Muscle Milk Collegiate is a completely different product, with a tremendous amount of carbohydrates, in the form of maltodextrin, in a 2.25:1 ratio of carbs-protein. This makes it a better choice to take after workouts, but a much worse choice to take any other time of day. Maltodextrin is essentially a complex sugar, and so taking a Muscle Milk Collegiate shake at bedtime, like they suggest, would be like have a whey protein shake and two cans of soda. Not good. And, this product still has fat in it, which would slow its release during the post-workout window. This is, again, a time when you want the fastest possible absorption of nutrients.

Learn more about Muscle Milk Collegiate Here.

Muscle Milk Collegiate Nutrition Facts

Muscle Milk Collegiate Nutrition

So is Muscle Milk Good For You?

The verdict?

Muscle Milk regular is a pretty good supplement for everyday, non-workout use. Muscle Milk Collegiate is a reasonable choice for post-workout, but not a great choice, in my opinion, for everyday use if one wishes to promote lean muscle gain only.

Alternatives to Muscle Milk

Here are some other well-reviewed brands of whey protein-based supplements. Check them out and see what other supplements might be right for you.

Is Muscle Milk good for you?

It’s not an unhealthy supplement, but it may or may not be right for your goals, depending on whether you want to gain or lose weight, get stronger or just get leaner. Muscle milk has extra calories from fat and some of the weight-gaining ingredients, so it may not be a good choice for those hoping to lose weight.

When should I drink Muscle Milk?

Muscle milk can be drunk before or after a workout, or as a breakfast meal replacement, because it has vitamins, minerals and some fat in it–it’s not just pure whey protein like some supplements. There’s no wrong way to use it, but it’s best for breakfast or following a workout.

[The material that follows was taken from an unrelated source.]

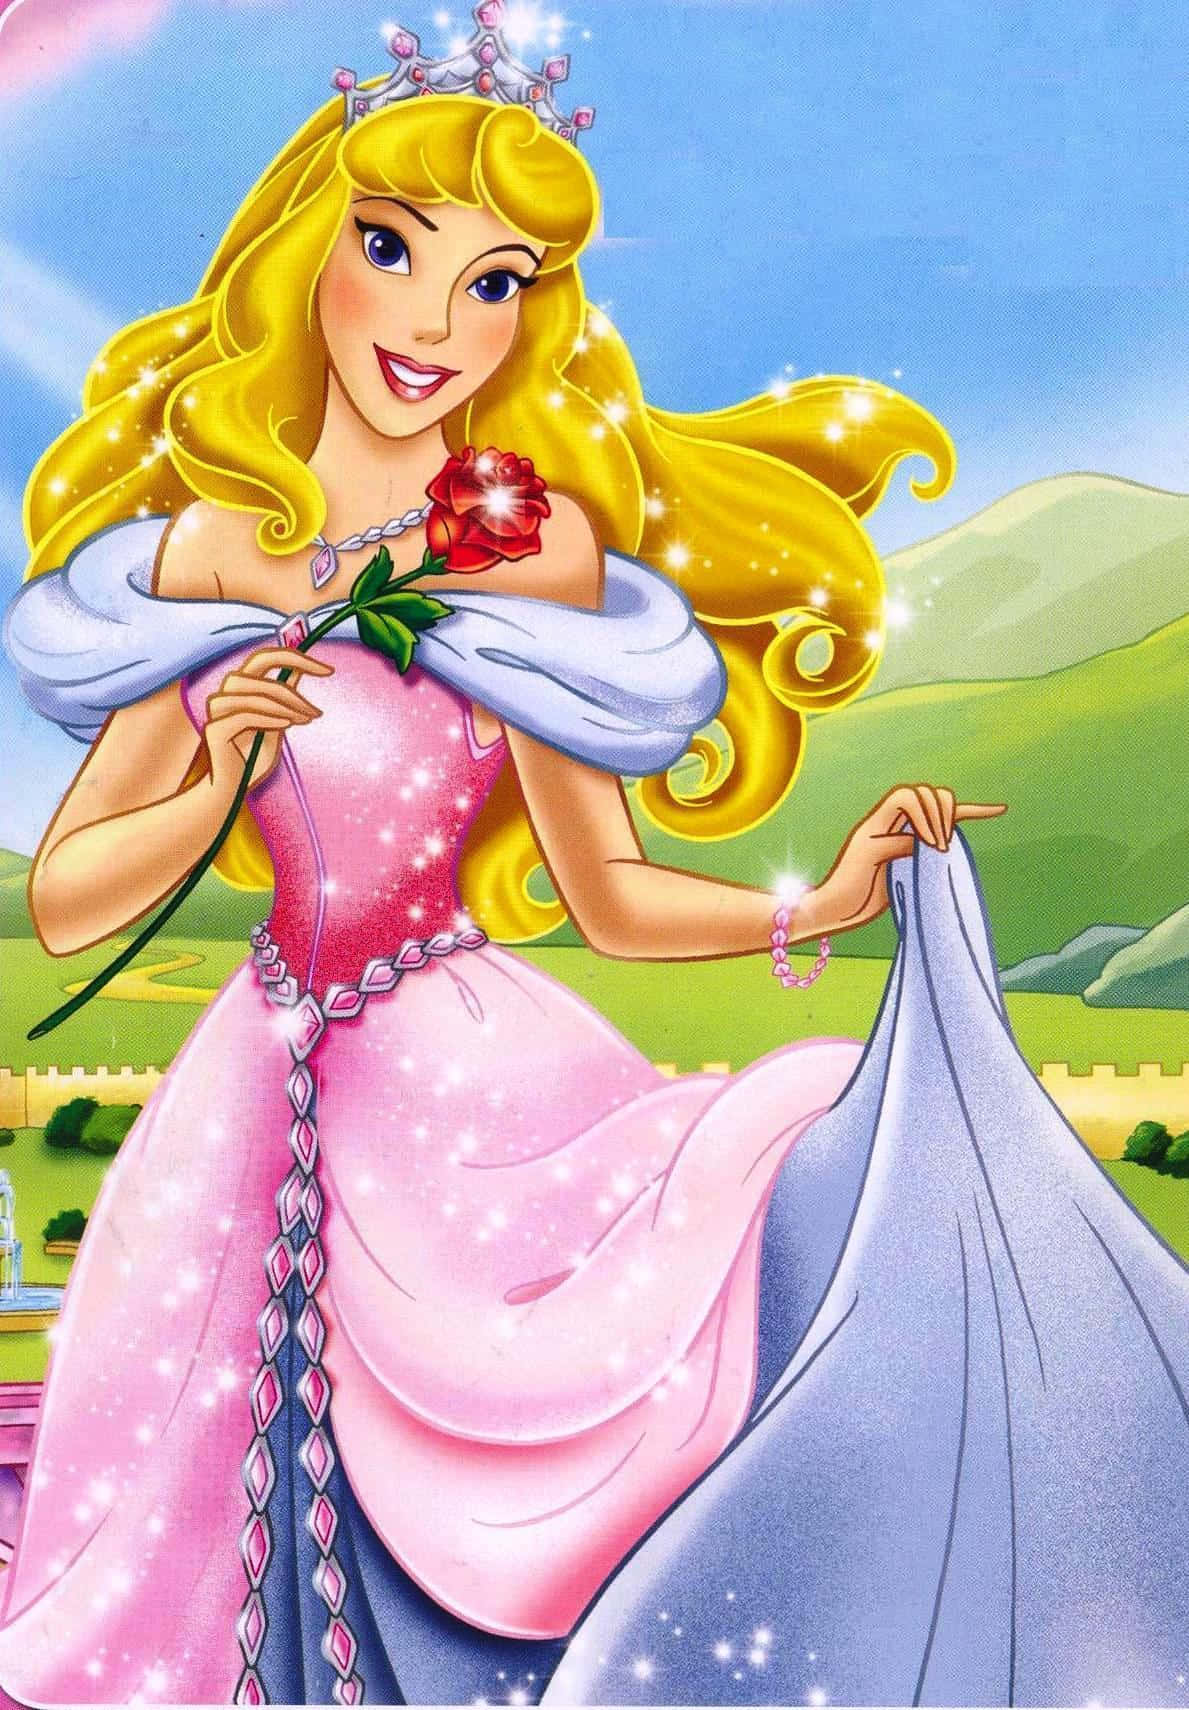 Prinsessebilleder pynte baggrunden.

Can Muscle Milk make you fat?

Look, anything when taken in too high a quantity can make you fat. If taken once a day as a supplement to a healthy diet, Muscle Milk should be okay. It does have some artificial sweeteners and more calories than other whey protein-based supplements, but it’s certainly not like downing a milk shake or eating a few candy bars. Just like anything, be smart about it and don’t go beyond one serving per day, and use it to support a rigorous fitness regimen.

Is Muscle Milk safe for college athletes?

This is ALWAYS a question that should be researched by the athlete him or herself. It’s YOUR career, so go on the company website and be 100% sure any supplement you take you have researched yourself. Don’t blame someone else for failing a drug test if you didn’t take the time to do your homework. That said, Muscle Milk Collegiate is supposedly approved for NCAA athletes.